#22367: fix(whatsapp): prevent permanent listener loss after abort during reconnect backoff
channel: whatsapp-web
size: XS
experienced-contributor
Cluster:
GlobalThis Integration Fixes
## Summary
- **Problem:** When `abortSignal` fires during the reconnect backoff `sleep()` in `monitorWebChannel`, the catch block unconditionally `break`s out of the reconnect loop. This leaves `activeWebListener` as `null` permanently — even though the WhatsApp connection itself recovers.
- **Why it matters:** Any action that calls `requireActiveWebListener()` (e.g. `react`, `send`) will throw when the listener is null. The gateway *appears* healthy (channels show as started) while web actions silently fail until a full restart.
- **What changed:** The `catch` block after `sleep(delay, abortSignal)` now checks `stopRequested()` before breaking. If the abort was not a deliberate stop, `continue` keeps the reconnect loop alive.
- **What did NOT change:** Deliberate shutdown (abort + `stopRequested() === true`) still cleanly exits. No changes to the outer channel manager restart logic in `server-channels.ts`.
> **Note to maintainers:** This is a minimal targeted fix (Option C). A more robust long-term approach (Option B) would be to decouple the inner reconnect loop's abort signal from the outer one — e.g., derive a child AbortController with independent lifecycle so the channel manager can abort a current connection attempt without permanently killing the monitor's reconnect capability.

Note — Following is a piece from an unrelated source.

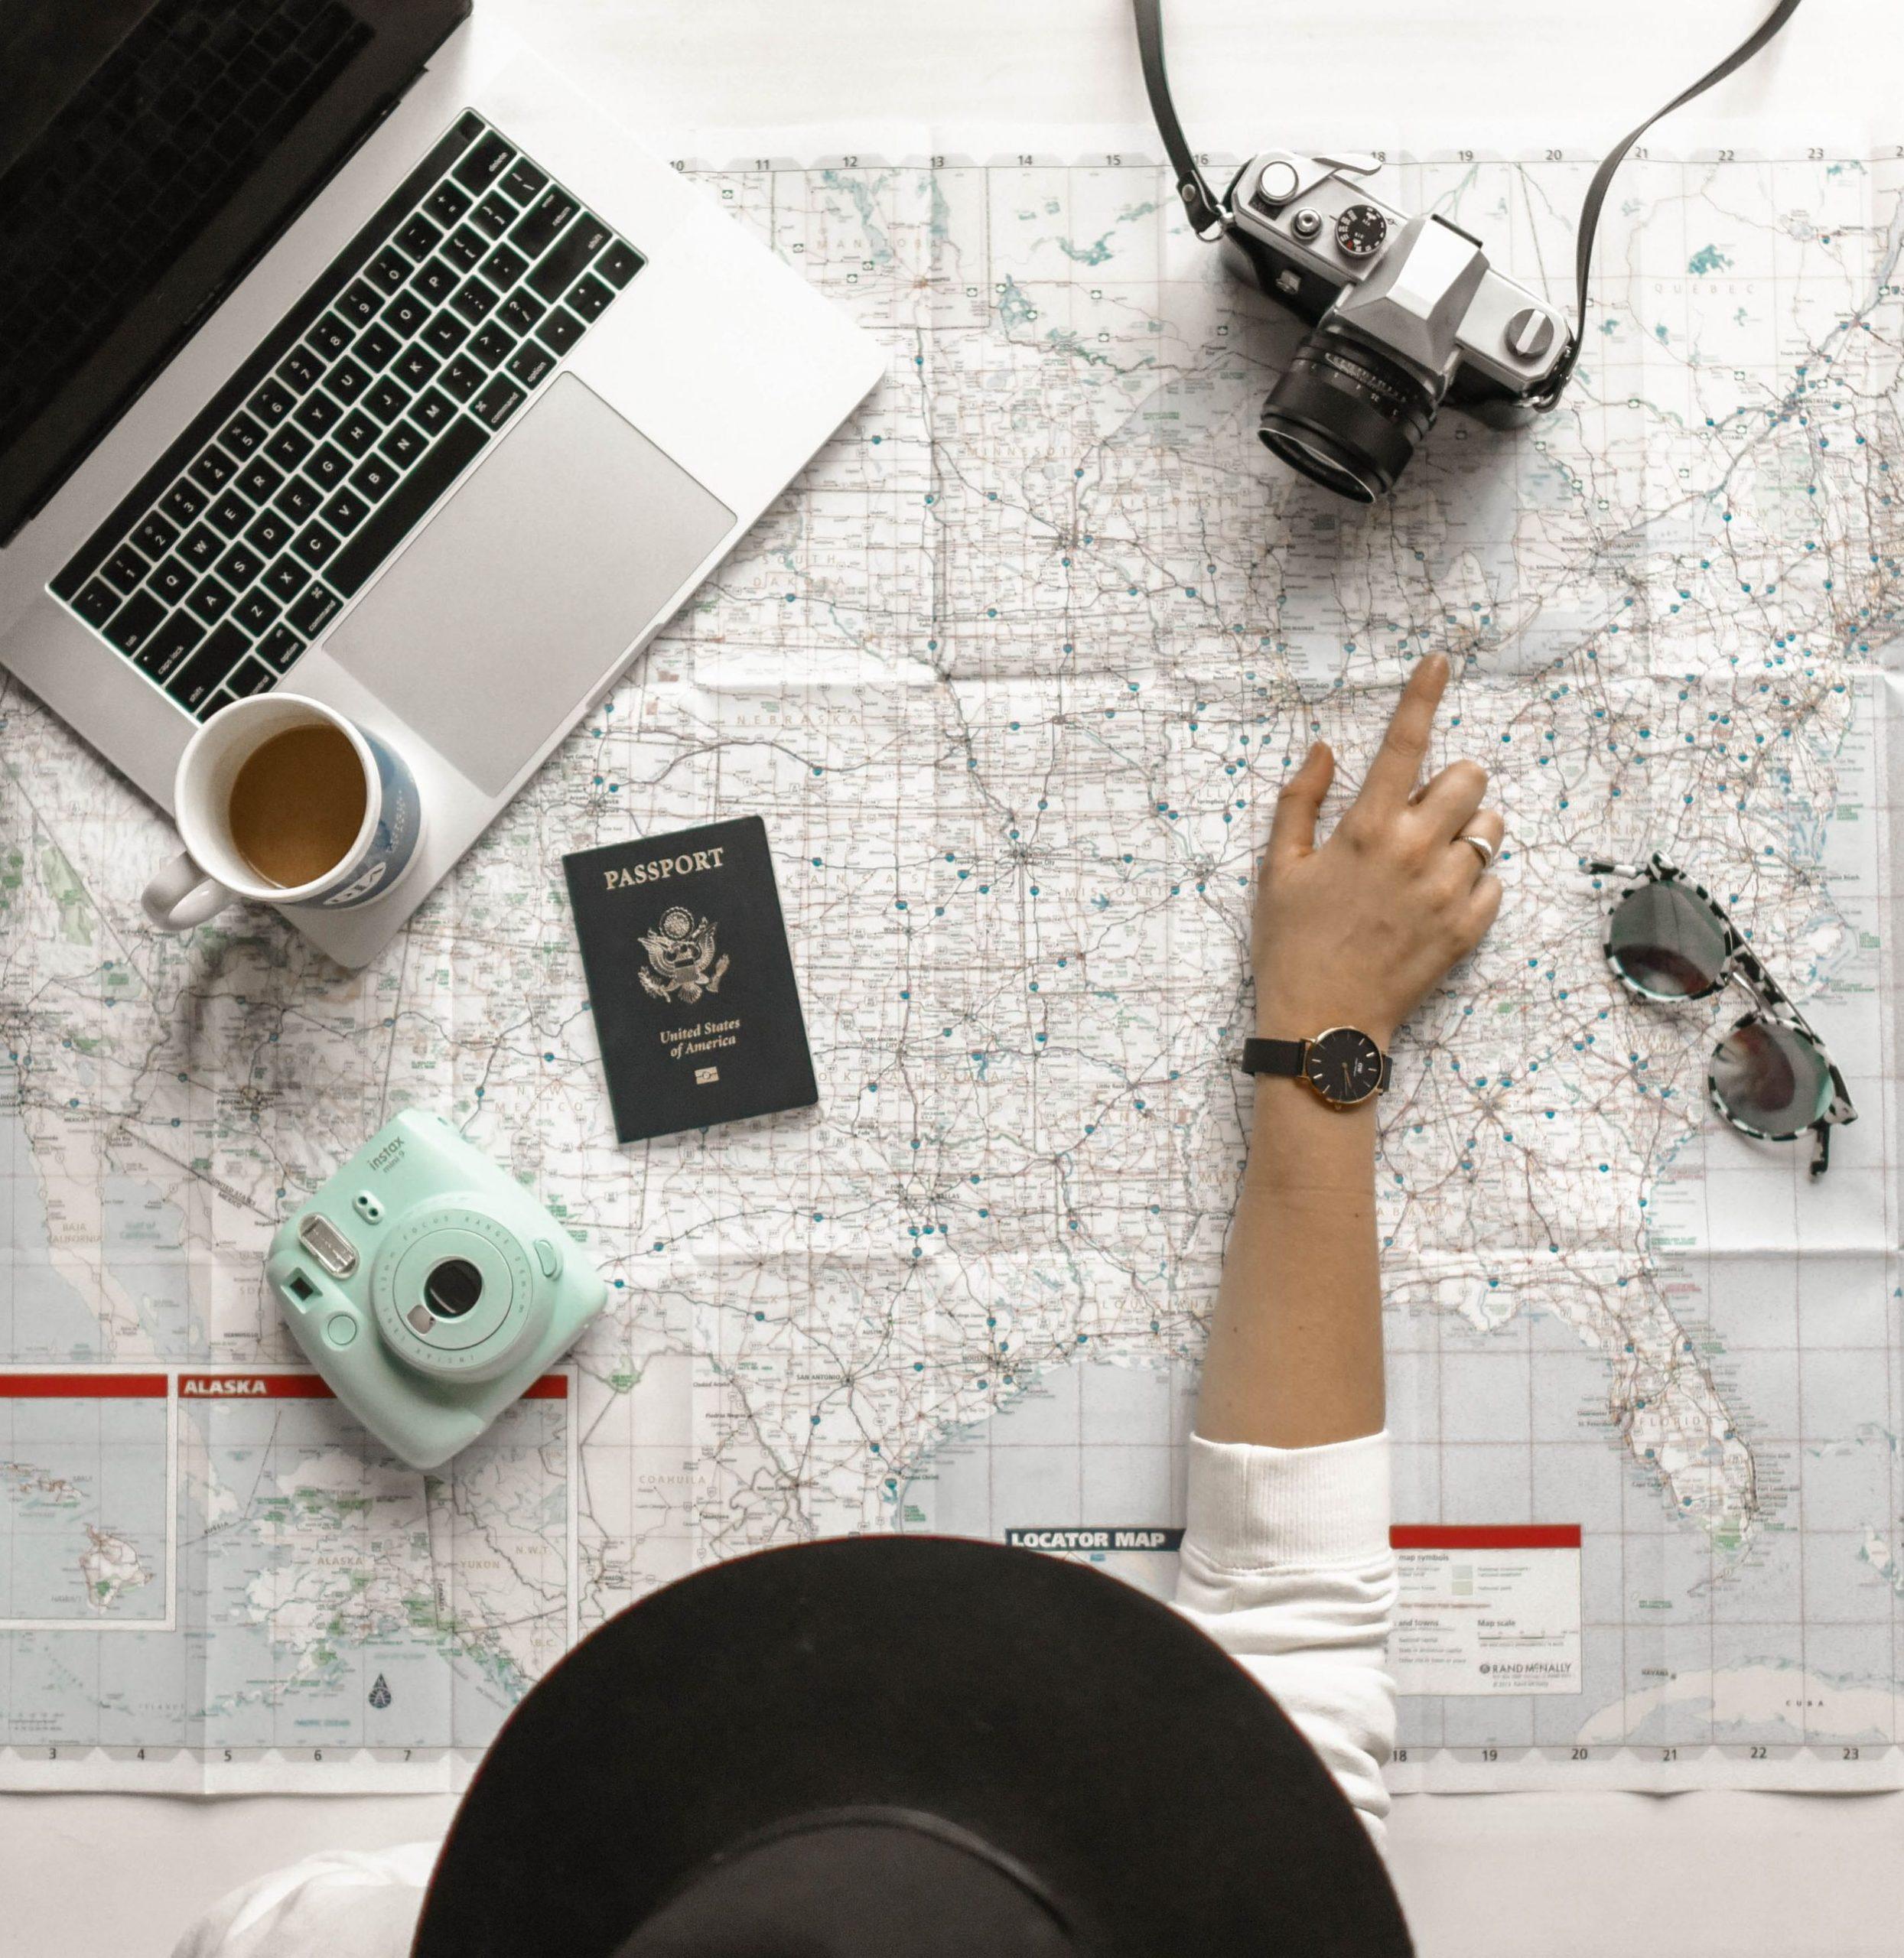 Reiselust trotz Corona ungebrochen

Worth considering in a future refactor.
## Change Type (select all)
- [x] Bug fix
## Scope (select all touched areas)
- [x] Integrations
## Linked Issue/PR
- Related #99
## User-visible / Behavior Changes
WhatsApp web actions (send, react, poll, etc.) no longer permanently fail after a watchdog-triggered reconnect. Previously required a full gateway restart to recover.
## Security Impact (required)
- New permissions/capabilities? `No`
- Secrets/tokens handling changed? `No`
- New/changed network calls? `No`
- Command/tool execution surface changed? `No`
- Data access scope changed? `No`
## Repro + Verification
### Environment
- OS: Ubuntu 24.04 (ARM64, OCI)
- Runtime/container: Node.js, OpenClaw gateway
- Integration/channel: WhatsApp Web
### Steps
1. Start gateway with WhatsApp channel
2. Wait for watchdog timeout (30m no messages) or trigger a reconnect
3. If abort signal fires during the backoff sleep, the listener is permanently lost
4. Attempt `message react` → fails with "No active WhatsApp Web listener"
### Expected
- Reconnect loop continues, new listener is established, reactions work
### Actual (before fix)
- Reconnect loop exits, `activeWebListener` stays null, reactions fail permanently
## Evidence
- [x] Trace/log snippets — reproduced via production gateway logs showing listener null after watchdog reconnect
## Human Verification (required)
- Verified scenarios: Code path analysis confirmed the unconditional `break` exits the loop; with fix, `continue` preserves the loop when `stopRequested()` is false
- Edge cases checked: Deliberate shutdown still breaks cleanly; `sigintStop` path unaffected; max reconnect attempts logic unaffected
- What you did **not** verify: Full e2e test with real WhatsApp connection (will verify on local deployment)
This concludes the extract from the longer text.